User: this doesn't work: cur.execute("insert into %s values (%s)",
['mytable', 42])
Maintainer: yes, you can't pass tables to the arguments
User: what should I do?
Maintainer: normal string concatenation: cur.execute("insert into %s
values %%s" % 'mytable', [42])
User: what if the table name has special chars?
Maintainer: ehm...
User: what if the source of the table name is not secure?
Maintainer: ehm...

The problem is slightly improved by exposing `quote_ident()`  but not
solved altogether: people must remember to use `quote_ident()` every
time, which is dangerous, because forgetting to use it will usually
work anyway... until one table name contains a special char.
Furthermore sometimes you will want to include a SQL value in the
query, which should be done in a complete different way (calling
adapt, prepare, getquoted...).

[quote_ident()]
http://initd.org/psycopg/docs/extensions.html#psycopg2.extensions.quote_ident

My attempt to a solution: the `psycopg2.sql` module:
http://initd.org/psycopg/docs/sql.html

The design was sort of sketched in bugs #308 and #358. Unlike these
first sketches there is no new method on connections or cursors: the
new module exposes certain Composable objects (SQL, Literal,
Identifier...) which can be composed using operators and methods and
forming new Composables.

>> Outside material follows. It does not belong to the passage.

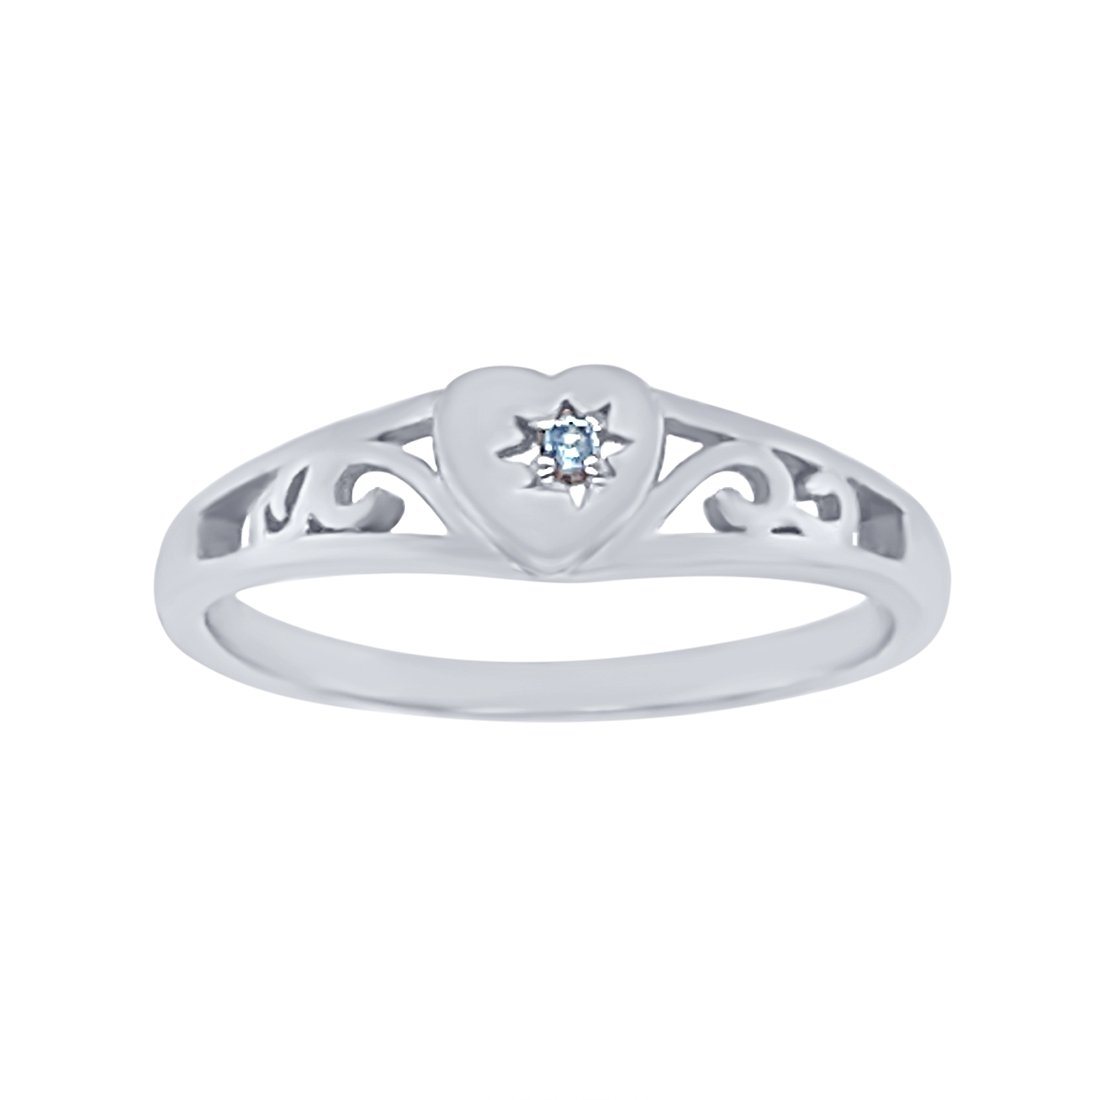 Sterling Silver Heart Signet Ring with Aquamarine Rings Bevilles

Composables can be ultimately used in place
of strings in queries.

[bug #308]: https://github.com/psycopg/psycopg2/issues/308
[bug #358]: https://github.com/psycopg/psycopg2/issues/358

With these objects it is possible to call:

    from psycopg2 import sql

    cur.execute(
        sql.SQL("insert into %s values (%%s)") % [sql.Identifier('mytable')],
        [42])

If you could take a look at the documentation, or play with the
feature, and let me know what you think about the feature design, or
any other observation, it would be great. The code currently lives in
the sql-compose branch of the github repository.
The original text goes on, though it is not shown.